Unthinkable as it may be, humanity, every last person, could someday be wiped from the face of the Earth. We have learned to worry about asteroids and super volcanoes, but the more-likely scenario, according to Nick Bostrom, a professor of philosophy at Oxford, is that we humans will destroy ourselves. Bostrom, who directs Oxford’s Future of Humanity Institute, has argued over the course of several papers that human extinction risks are poorly understood and, worse still, severely underestimated by society. Some of these existential risks are fairly well known, especially the natural ones. But others are obscure or even exotic. Most worrying to Bostrom is the subset of existential risks that arise from human technology, a subset that he expects to grow in number and potency over the next century … Bostrom sees technology as a bridge, a bridge we humans must cross with great care, in order to reach new and better modes of being. In his work, Bostrom uses the tools of philosophy and mathematics, in particular probability theory, to try and determine how we as a species might achieve this safe passage.

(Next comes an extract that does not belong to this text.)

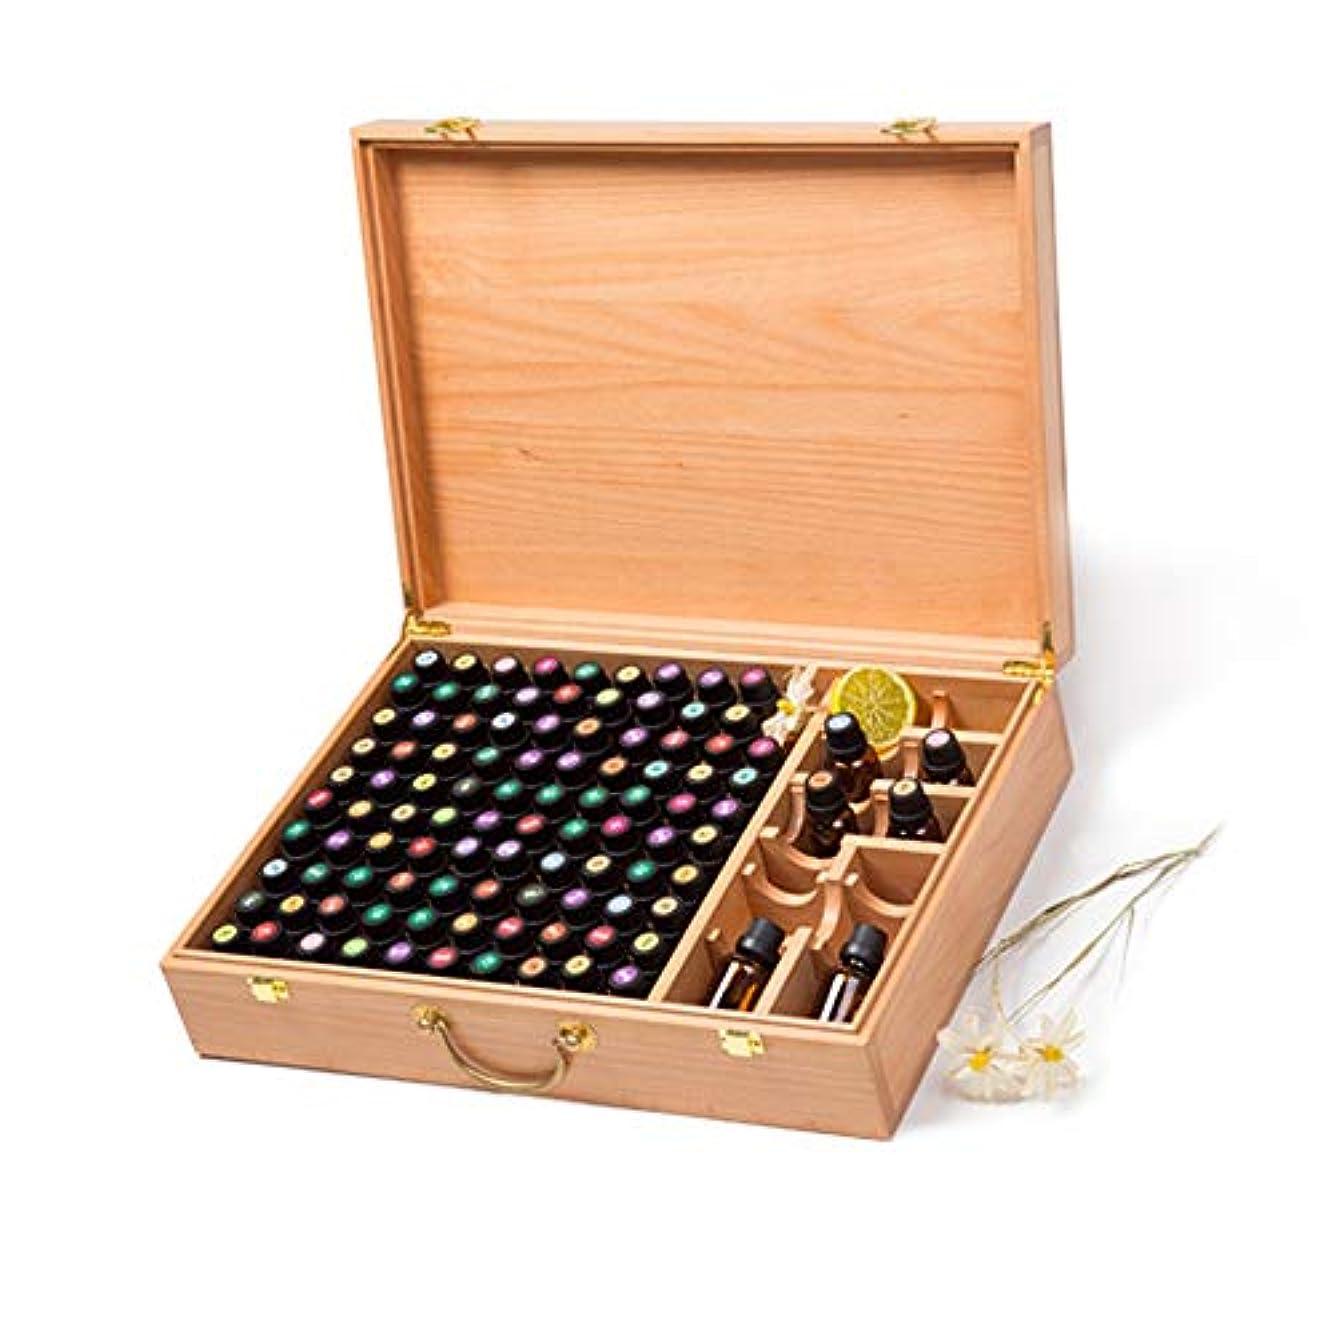 ピッチベッツィトロットウッドプリーツエッセンシャルオイルの保管 ハンドルパーフェクトエッセンシャルオイルのケースでは手作りの木製エッセンシャルオイルストレージボックスは100の油のボトルを保持します (色 : Natural, サイズ : 44X31.5X10.5CM)
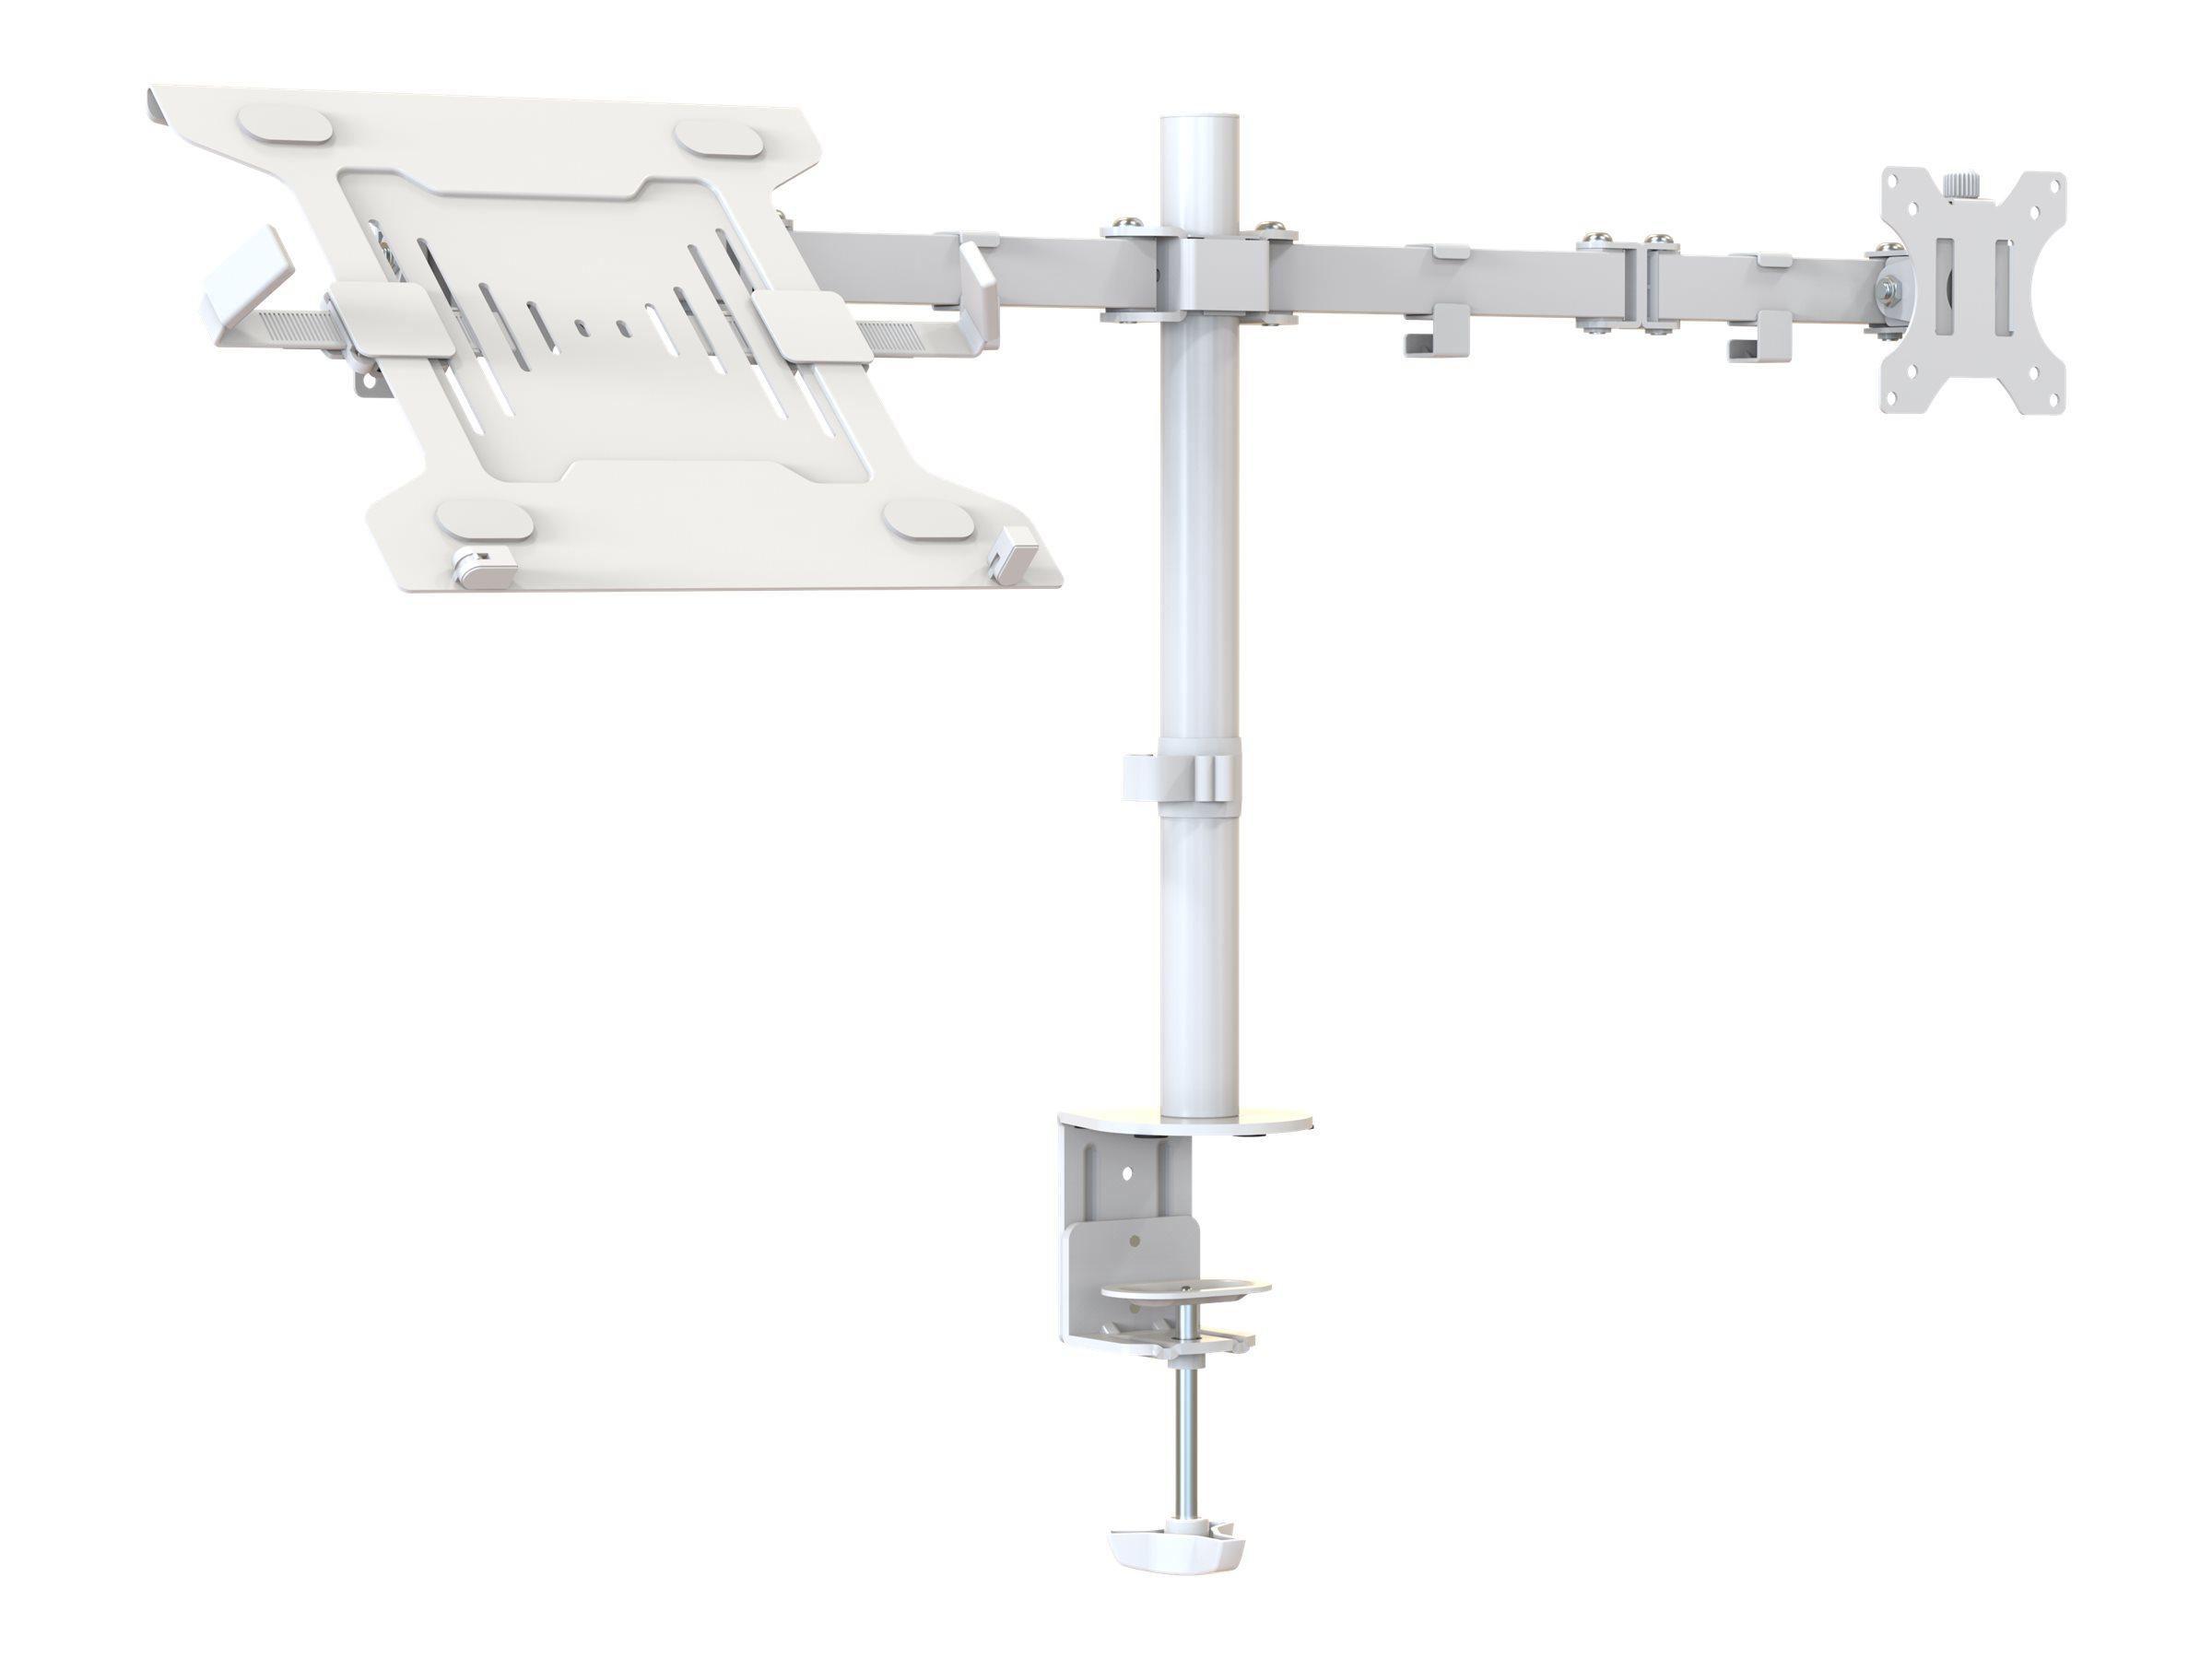 Vision VFM-DPD2W+S - Befestigungskit (Tischplattenbohrung, Doppelgelenkarm, 2 VESA-Adapter, Notebook-Ablage, 17,4

Are the technological advancements more dangerous than the unpredictable thought of a sadistic mindset? Throughout human history all major wars were instigated by man against man often by accident and overwhelmingly with irrational thoughts of the future consequential outcomes. Problems vary whether innovative technology can sustain life in a mature understanding; or could it destroy the existence of mankind in a split-second, touch-button action?

Invariably being conscious of the facts of technological outreach and about the risks posed to humans by technological progress, Bostrom is no Luddite. In fact, he is a longtime advocate of transhumanism — the effort to improve the human condition, and even human nature itself, through technological means. How can we strike a balance between directing our scientific and technological resources toward mankind’s existing problems rather than the futuristic existential risk and dangerous outcomes?

Are the 21st-century political geniuses more redundant and backward that they are unable to speak against the political drudgery and wickedness of the few warlords to destroy humanity? Surely, Robert Burns, the poet (“Man’s inhumanity to Man”, from his poem Man was made to Mourn: A Dirge, 1785), knew better and must have had unraveling moral and intellectual understanding of human nature and interests of global mankind.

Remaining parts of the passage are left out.